2017年8月9日 星期三

Albert Camus, "The Myth of Sisyphus", "Resistance, Rebellion and Death: Essays"; 陳健邦:寫詩如作案─讀邵燕祥打油詩

"Pour toujours, je serai étranger à moi-même".
---- Albert Camus, Le Mythe de Sisyphe (1942)
"For ever, I will be a stranger to myself."

“It is better for the intellectual not to talk all the time. To begin with, it would exhaust him, and, above all, it would keep him from thinking. He must create if he can, first and foremost, especially if his creation does not side-step the problems of his time.”
― Albert Camus, Resistance, Rebellion and Death: Essays

Orlando Patterson, John Cowles Professor of Sociology
“Albert Camus’ ‘The Myth of Sisyphus’: I first came across that book in the year between high school and college. I pulled it from the library shelf thinking it was going to be a book on mythology and discovered, of course, that it is a philosophical treatise, which I immediately felt a strong affinity to. Of course I didn’t understand most of it when I first read it. I took it with me to college and basically read it over and over again right through college until I felt I understood it, through the process of absorption. It greatly influenced me.
“My very first book was a novel, called ‘The Children of Sisyphus,’ and it was about the poverty and utter despair of the people who live in the shantytowns of Kingston. I had decided that what I was learning, what I was experiencing, was best expressed in terms of a novel. All through that time, what strikes you most living in or visiting this extreme poverty is the whole question of what makes life meaningful for these people, which in a way is the central question that motivated Camus. The shades of not just despair but the kinds of existential angst that he is going through. What makes life meaningful? How can one survive? People living on the dung heap, who live off the trash and the refuse of the rest of the city, where do they find meaning?
“That theme of meaning and meaningless resonated with me, and it carried through to higher levels as I moved from Jamaica to Britain and also to other works by Camus. In many ways, his ideas remained with me not in the sense that I return to him any more, but in the sense that he formed the initial foundation of my thinking. I think I moved on, but he was the right philosopher and the right novelist for me at the time.”

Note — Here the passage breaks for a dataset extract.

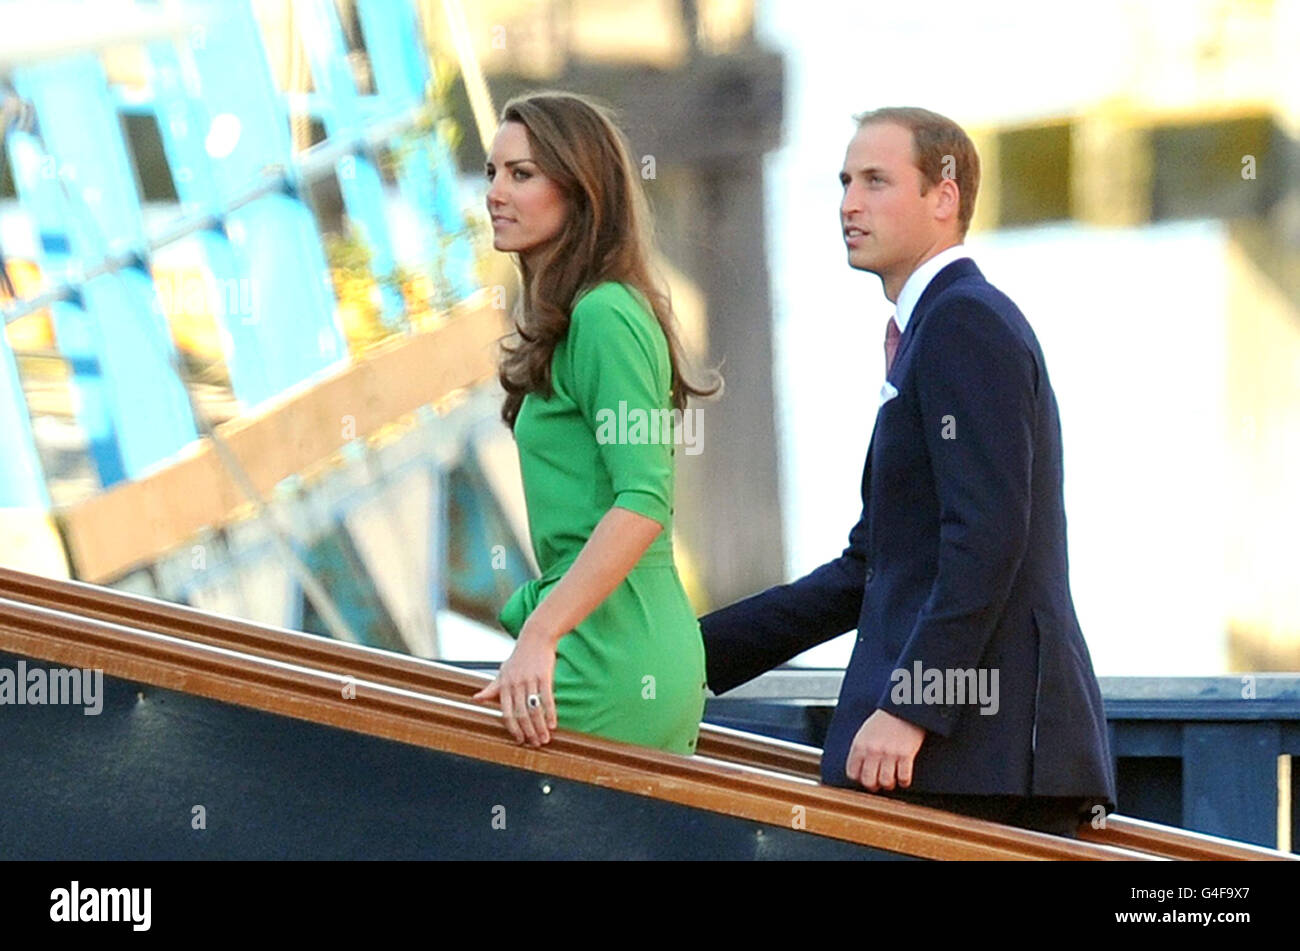 The Duke and Duchess of cambridge arrive for an evening reception onboard the Royal Yacht Britannia in Leith, Edinburgh, on the night before the wedding of Zara Phillips and Mike Tindall. Stock Photo

"Travailler et créer 'pour rien', sculpter dans l'argile, savoir que sa création n'a pas d'avenir, voir son oeuvre détruite en un jour en étant conscient que, profondément, cela n'a pas plus d'importance que de bâtir pour des siècles, c'est la sagesse difficile que la pensée absurde autorise. Mener de front ces deux tâches, nier d'un côté et exalter de l'autre, c'est la voie qui s'ouvre au créateur absurde. Il doit donner au vide ses couleurs".
Albert Camus, "Le Mythe de Sisyphe", 1942

"Working and creating for nothing ', sculpt in clay, that his creation has no future, see his work destroyed in a day being aware that deeply, it has no more importance that to build for centuries, it is the difficult wisdom that absurd thought permits. Conduct front both tasks, deny one side and exalt the other, this is the path that opens to the absurd creator . It must give the void its colors ".